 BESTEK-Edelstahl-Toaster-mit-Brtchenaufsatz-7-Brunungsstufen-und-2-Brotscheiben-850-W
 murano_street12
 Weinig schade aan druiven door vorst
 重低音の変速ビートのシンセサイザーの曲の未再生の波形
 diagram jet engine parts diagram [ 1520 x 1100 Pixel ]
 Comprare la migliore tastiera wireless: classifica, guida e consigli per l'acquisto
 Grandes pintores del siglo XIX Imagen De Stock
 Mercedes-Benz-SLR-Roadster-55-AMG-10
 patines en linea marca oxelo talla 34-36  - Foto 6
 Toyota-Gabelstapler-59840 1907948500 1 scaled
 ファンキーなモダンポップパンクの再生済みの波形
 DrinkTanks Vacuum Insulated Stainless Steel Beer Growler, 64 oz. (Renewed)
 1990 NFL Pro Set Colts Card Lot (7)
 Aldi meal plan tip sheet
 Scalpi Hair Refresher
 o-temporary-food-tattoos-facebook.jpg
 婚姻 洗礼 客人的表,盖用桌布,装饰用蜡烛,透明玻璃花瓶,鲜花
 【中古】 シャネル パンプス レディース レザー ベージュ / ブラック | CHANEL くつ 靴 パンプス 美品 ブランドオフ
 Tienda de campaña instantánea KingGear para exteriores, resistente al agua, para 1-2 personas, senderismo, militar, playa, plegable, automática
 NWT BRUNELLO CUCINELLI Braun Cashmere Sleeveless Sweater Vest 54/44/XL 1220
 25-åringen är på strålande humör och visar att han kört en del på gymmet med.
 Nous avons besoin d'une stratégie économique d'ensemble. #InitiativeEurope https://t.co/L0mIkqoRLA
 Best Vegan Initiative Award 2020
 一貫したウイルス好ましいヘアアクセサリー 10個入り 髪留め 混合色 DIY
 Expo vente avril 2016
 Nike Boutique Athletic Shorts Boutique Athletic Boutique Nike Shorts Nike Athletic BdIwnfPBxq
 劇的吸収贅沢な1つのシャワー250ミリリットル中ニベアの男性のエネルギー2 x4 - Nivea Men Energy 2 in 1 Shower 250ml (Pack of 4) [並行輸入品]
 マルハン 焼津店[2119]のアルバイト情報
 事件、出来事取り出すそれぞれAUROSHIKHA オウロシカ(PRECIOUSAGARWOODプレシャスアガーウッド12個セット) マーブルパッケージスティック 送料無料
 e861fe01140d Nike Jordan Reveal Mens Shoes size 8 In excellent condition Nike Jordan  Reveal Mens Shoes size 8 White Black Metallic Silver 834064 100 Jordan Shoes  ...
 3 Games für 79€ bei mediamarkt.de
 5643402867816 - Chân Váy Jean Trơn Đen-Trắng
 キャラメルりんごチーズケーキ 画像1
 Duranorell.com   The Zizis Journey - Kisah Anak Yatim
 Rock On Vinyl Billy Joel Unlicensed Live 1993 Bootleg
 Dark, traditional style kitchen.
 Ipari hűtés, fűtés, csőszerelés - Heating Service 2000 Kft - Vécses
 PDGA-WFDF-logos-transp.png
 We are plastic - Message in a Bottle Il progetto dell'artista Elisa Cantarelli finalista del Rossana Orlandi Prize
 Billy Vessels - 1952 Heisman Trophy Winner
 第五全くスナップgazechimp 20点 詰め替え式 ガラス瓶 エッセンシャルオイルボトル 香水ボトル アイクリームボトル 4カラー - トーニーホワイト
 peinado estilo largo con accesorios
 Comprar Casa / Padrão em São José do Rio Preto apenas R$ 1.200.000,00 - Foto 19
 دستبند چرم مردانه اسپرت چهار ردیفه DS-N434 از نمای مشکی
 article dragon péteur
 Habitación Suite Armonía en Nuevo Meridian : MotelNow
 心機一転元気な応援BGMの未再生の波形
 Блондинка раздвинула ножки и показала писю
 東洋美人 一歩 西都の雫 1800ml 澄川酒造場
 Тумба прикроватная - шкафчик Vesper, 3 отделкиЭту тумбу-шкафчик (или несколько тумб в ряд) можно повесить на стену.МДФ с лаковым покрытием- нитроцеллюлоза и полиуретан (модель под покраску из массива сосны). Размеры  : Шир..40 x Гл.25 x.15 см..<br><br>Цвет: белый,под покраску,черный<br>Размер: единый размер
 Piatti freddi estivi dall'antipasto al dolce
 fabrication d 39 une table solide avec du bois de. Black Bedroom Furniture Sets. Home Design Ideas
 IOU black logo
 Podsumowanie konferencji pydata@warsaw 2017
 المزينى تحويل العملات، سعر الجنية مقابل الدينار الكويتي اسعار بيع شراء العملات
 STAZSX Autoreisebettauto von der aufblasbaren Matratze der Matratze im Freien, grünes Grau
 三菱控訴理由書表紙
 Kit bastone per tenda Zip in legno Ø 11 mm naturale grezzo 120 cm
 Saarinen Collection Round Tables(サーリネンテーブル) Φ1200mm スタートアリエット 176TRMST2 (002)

> [Task goal]: In how many lines of the data does the word "Nike" appear? Respond with the number and nothing more.

> [Result for this task]: 2